To determine whether the unique set of mRNAs discovered by SA-BNs is biologically relevant to EMT, we inquired IPA the different sets of mRNAs discovered by SA-BNs and normal BNs. It shows that the number of mRNA uniquely discovered by SA-BNs is more than that of the normal BNs in terms of EMT relevant functions, including the EMT functional markers (Table 4). It suggests that SA-BNs capture more EMT relevant miRNA-mRNA interactions compared with normal BNs.

## Discussion

In the past few years, the identification of miRNAs and their targets has made significant progress. Current focus is shifting to the elucidation of miRNA functions. However, some specific features of miRNAs, for example their small size, abundance of repetitive copies and mode of action, pose several challenges in studying of miRNA functions [48].

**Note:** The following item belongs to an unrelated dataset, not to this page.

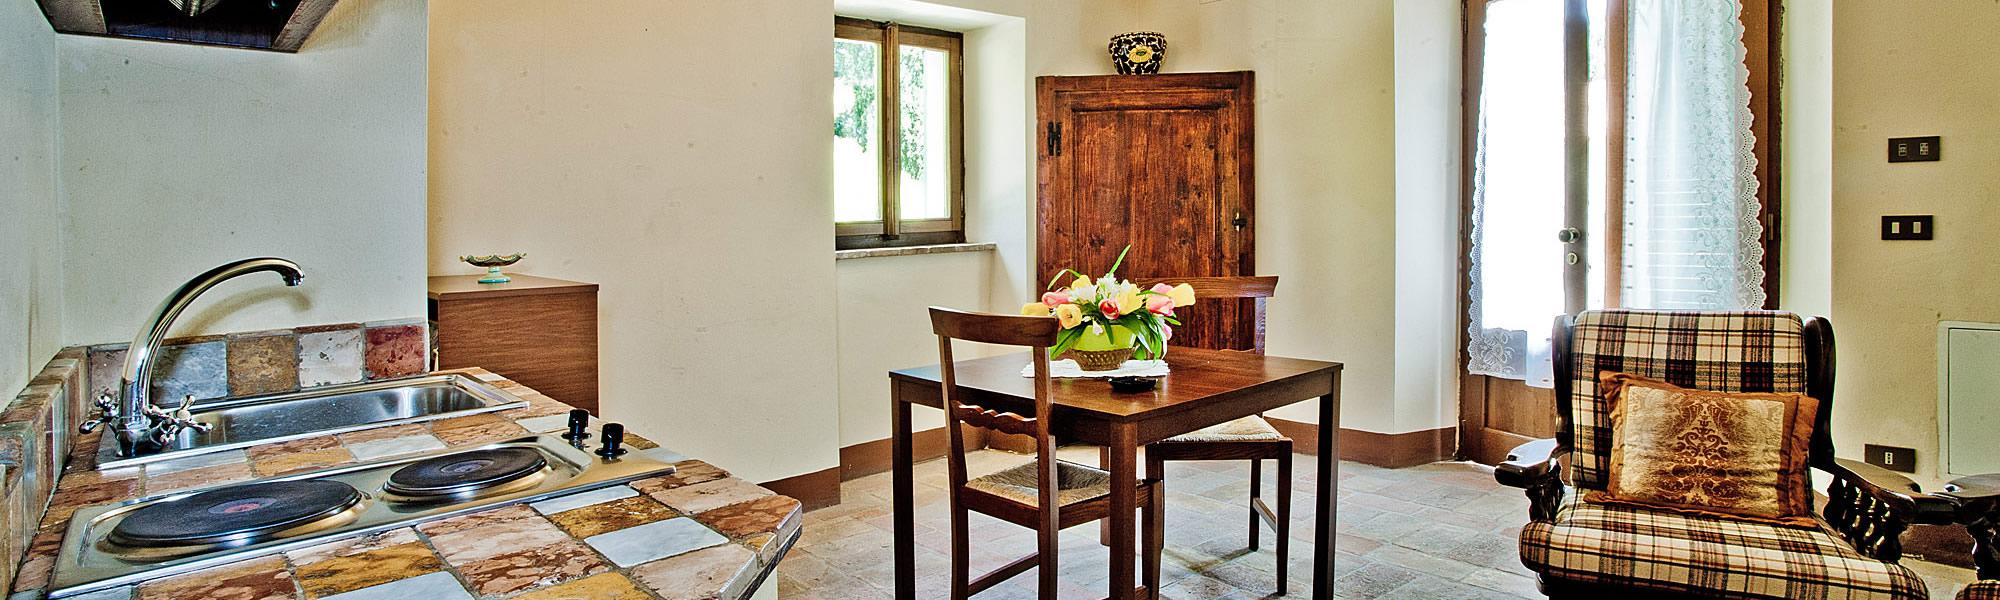 Appartamento Granaio in affitto Toscana
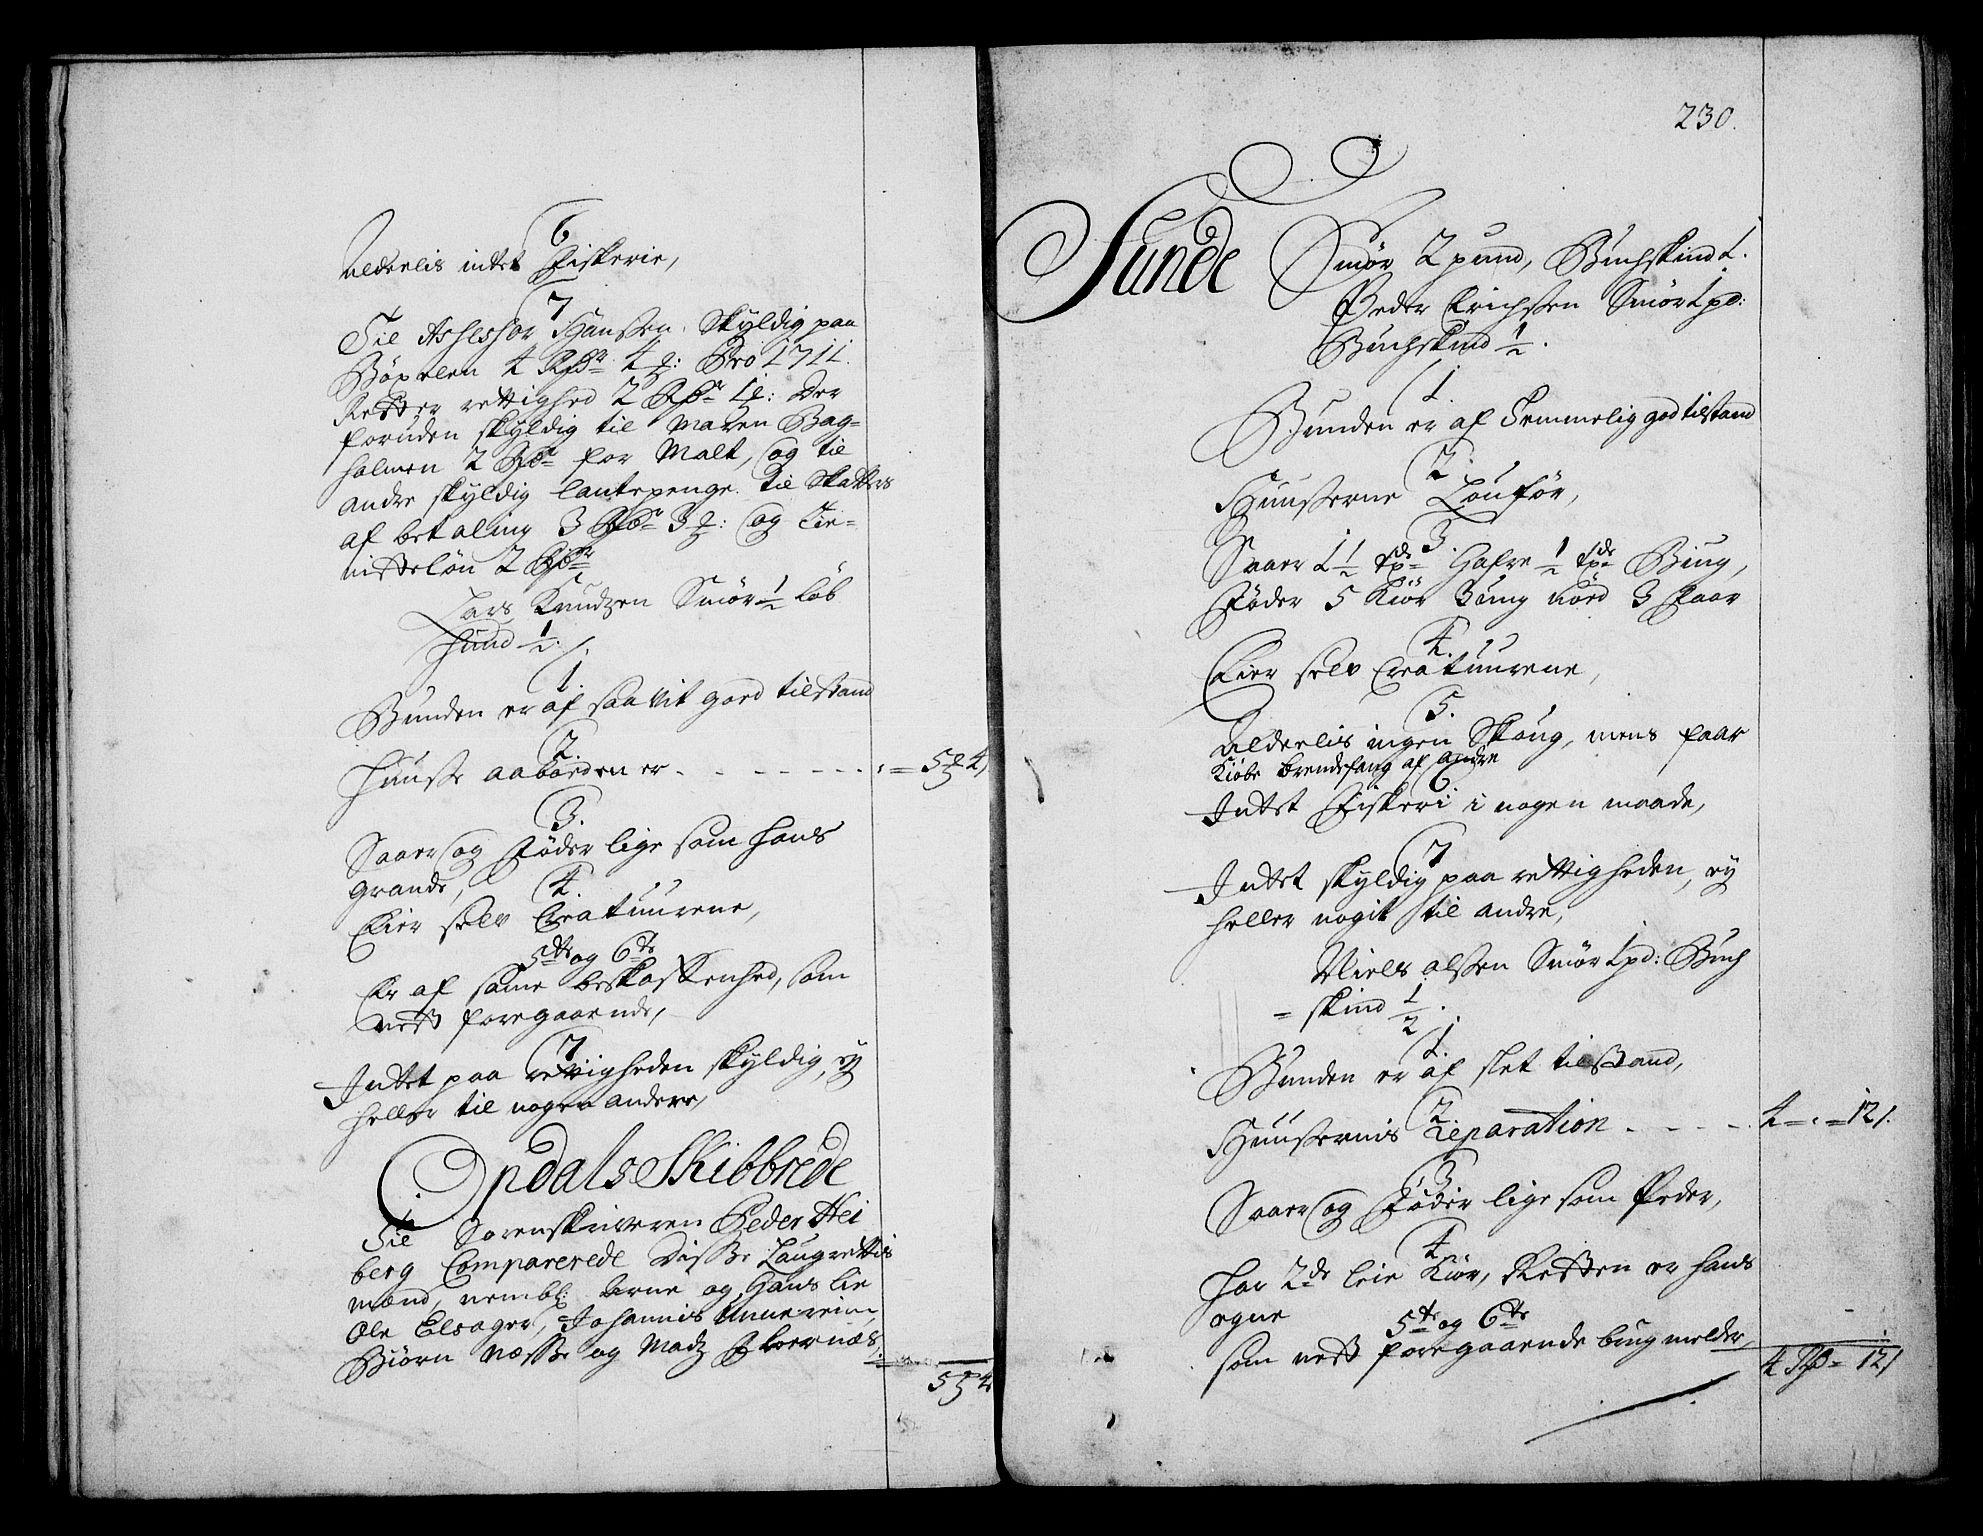 RA, Rentekammeret inntil 1814, Realistisk ordnet avdeling, On/L0003: [Jj 4]: Kommisjonsforretning over Vilhelm Hanssøns forpaktning av Halsnøy klosters gods, 1712-1722, s. 229b-230a

miRNAs show diverse regulatory mechanisms with mRNAs. They have been known to down-regulate target mRNAs in the majority of cases. The up-regulation of miRNA also has been reported recently [17, 18], and even down- and up-regulations depending on physiological conditions [17]. The various observations of miRNA regulation make it difficult to generalize simple rules for miRNA-mRNA interactions, especially under different physiological conditions. Most previous work has studied the discovery of down-regulatory modules of miRNAs and mRNAs by computational methods [22, 25]. The up-regulatory and mix-regulatory mechanisms of miRNAs have not been identified from existing data. However, the discovery of up- and mix-regulatory mechanisms reveal the complex interactions of miRNAs and mRNAs, such as indirect regulations. Considering that most biological experiments have been designed for a comparative study, such as normal versus malignant, down- and up-regulatory mechanisms, especially featuring in the different phenotypes, conditions, or treatment groups, are of great interest to medical researchers.

In this work, we propose a new Bayesian network structure learning method to explore all types of miRNA-mRNA interactions by using heterogeneous information. Much research has been done to discover the gene regulatory networks with BNs on homogeneous data, for instance, microarray data or protein data, but not much work has been done to discover the interactions between miRNAs and mRNAs. Apart from making use of heterogeneous information such as miRNA-target binding, expression profiles of miRNAs and mRNAs, and sample categories, an innovation of the proposed method is to design a splitting and averaging scheme for Bayesian structure learning to discover up- and down-regulatory mechanisms of miRNAs. In addition, small sample size is a problem for reliable discoveries. We use bootstrapping and a statistical model to obtain reliable probability estimation of interactions discovered by SA-BNs.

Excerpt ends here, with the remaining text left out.